I am really enjoying JI Packer's course on the English Puritans at RTS on iTunesU.


----------



## D. Paul (May 28, 2009)

James White - The Dividing Line at aomin.org
Monergism Mp3 Library

I developed this habit about 8-9 yrs ago commuting to Columbus (an hrs drive) and my list of sources has grown but I like these.

Also try the MacLaurin Institute and the Trinity Foundation for Mp3.


----------



## puritanpilgrim (May 28, 2009)

Our recent classes | BiblicalTraining.org is nice too. There are many diverse scholars on that site.


----------



## Calvinist Cowboy (May 28, 2009)

The Reformed Forum is very good Reformed Forum; it focuses on theological subjects, much like the White Horse Inn, but on a higher level (that is, many of the subjects are more erudite).


----------



## larryjf (May 28, 2009)

There are many good ideas listed above.
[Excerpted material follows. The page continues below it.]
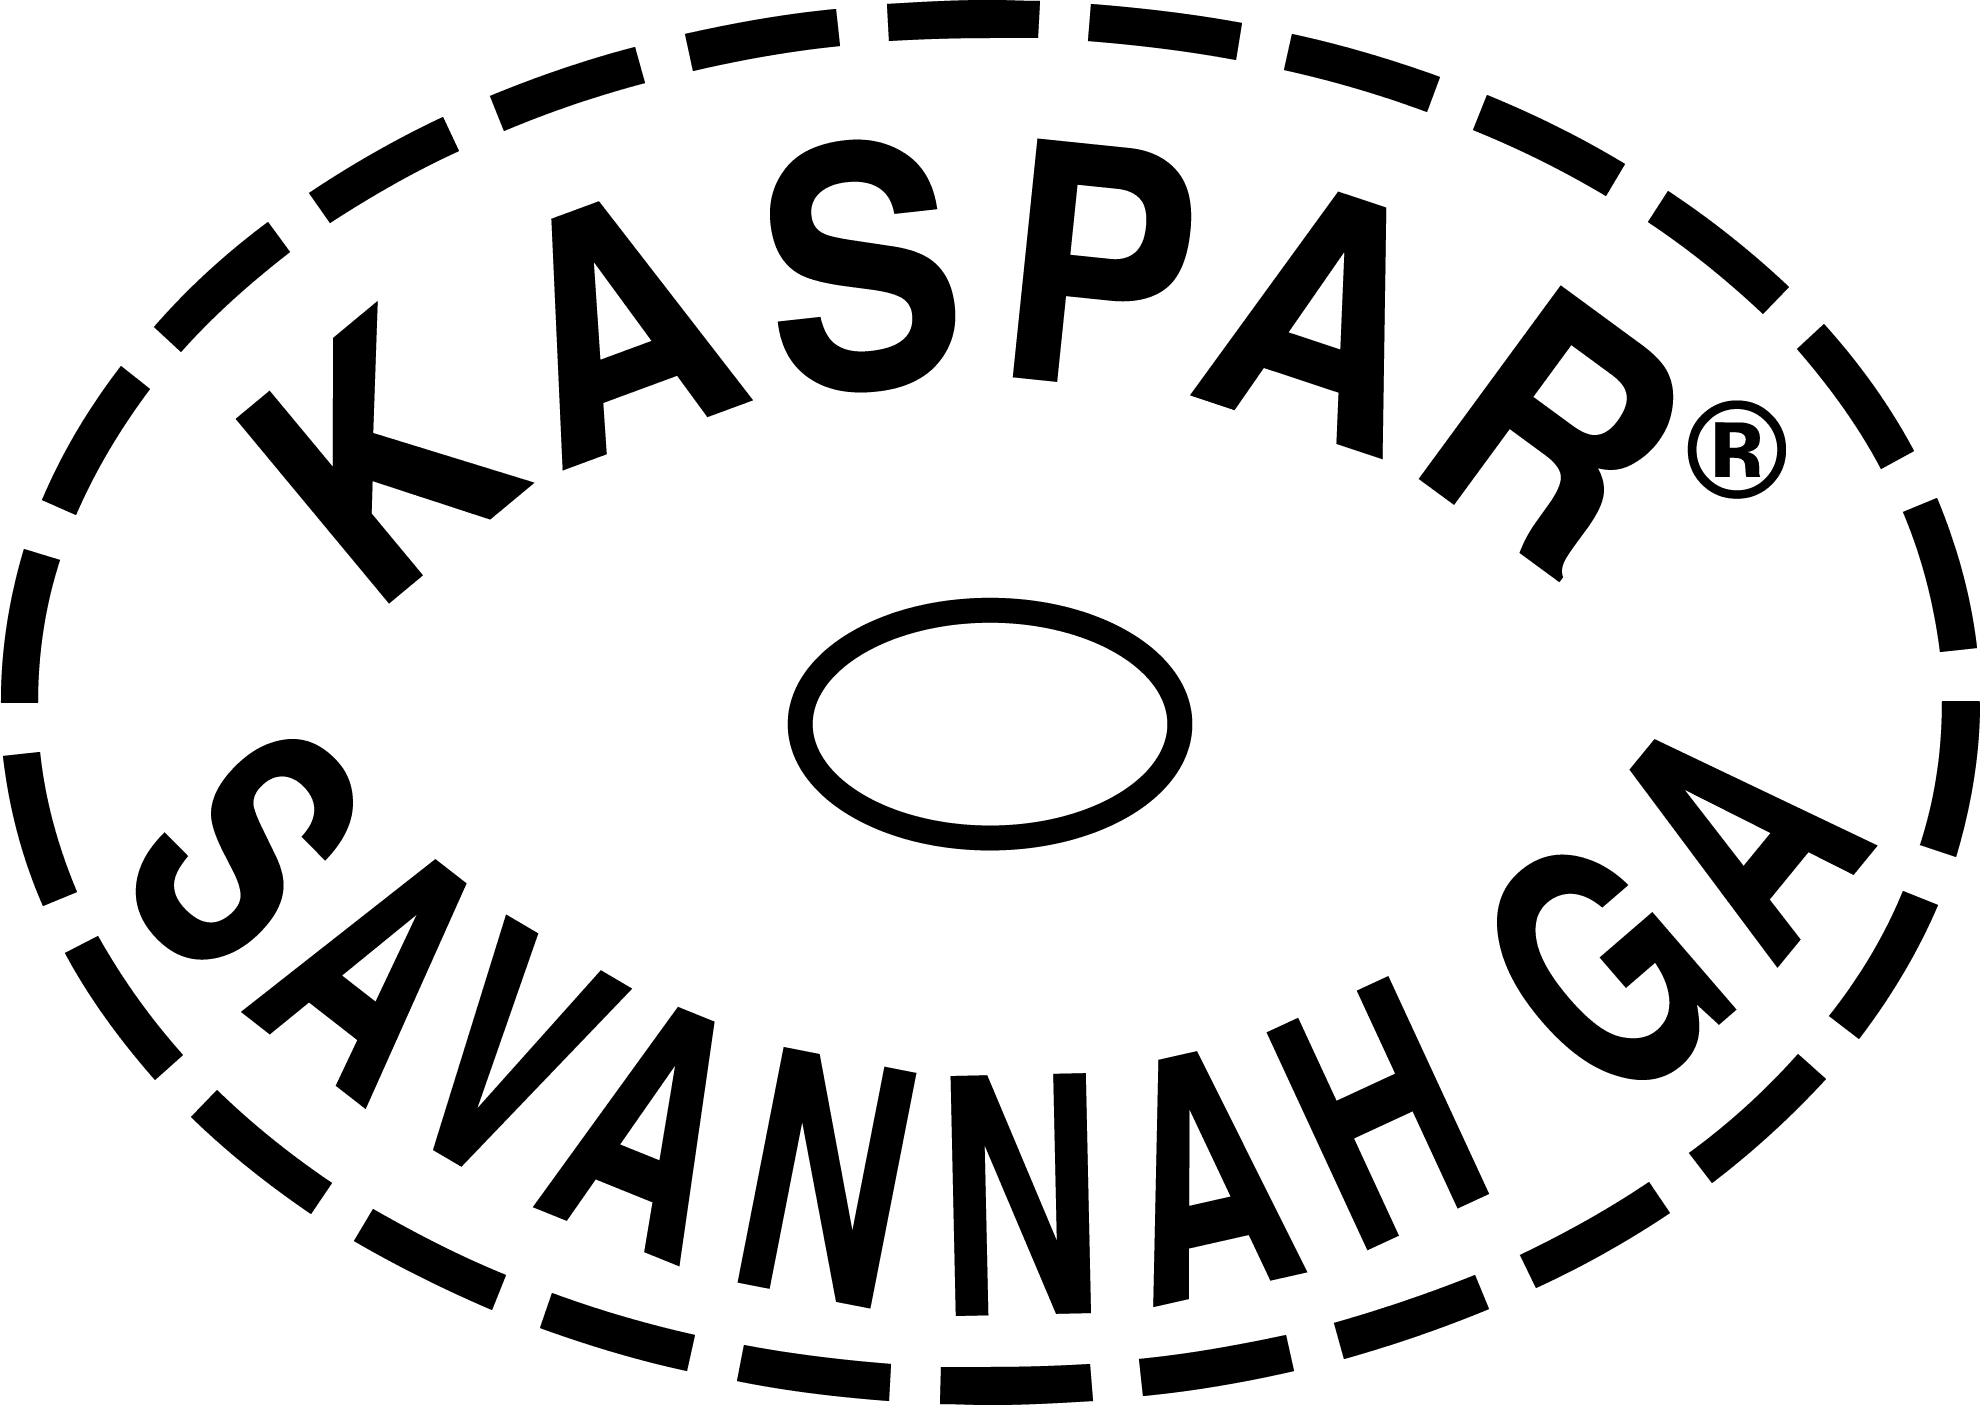 KASPAR® is a Registered Trademark of JodyJazz Inc.

Let me link to a few of them...

Monergism :: MP3 Audio & Multimedia
Our recent classes | BiblicalTraining.org
Worldwide Classroom

Some others...

SermonAudio.com - Still Waters Revival Books
URC Learning Reformed Sermons, Discussion Programs & Lessons, with Audio
Radio Apologia
CPRC Audio
Sabbath_Services
Christ Reformed Info - MP3's and Real Audio (of Academy Lectures)


----------



## Brother John (May 28, 2009)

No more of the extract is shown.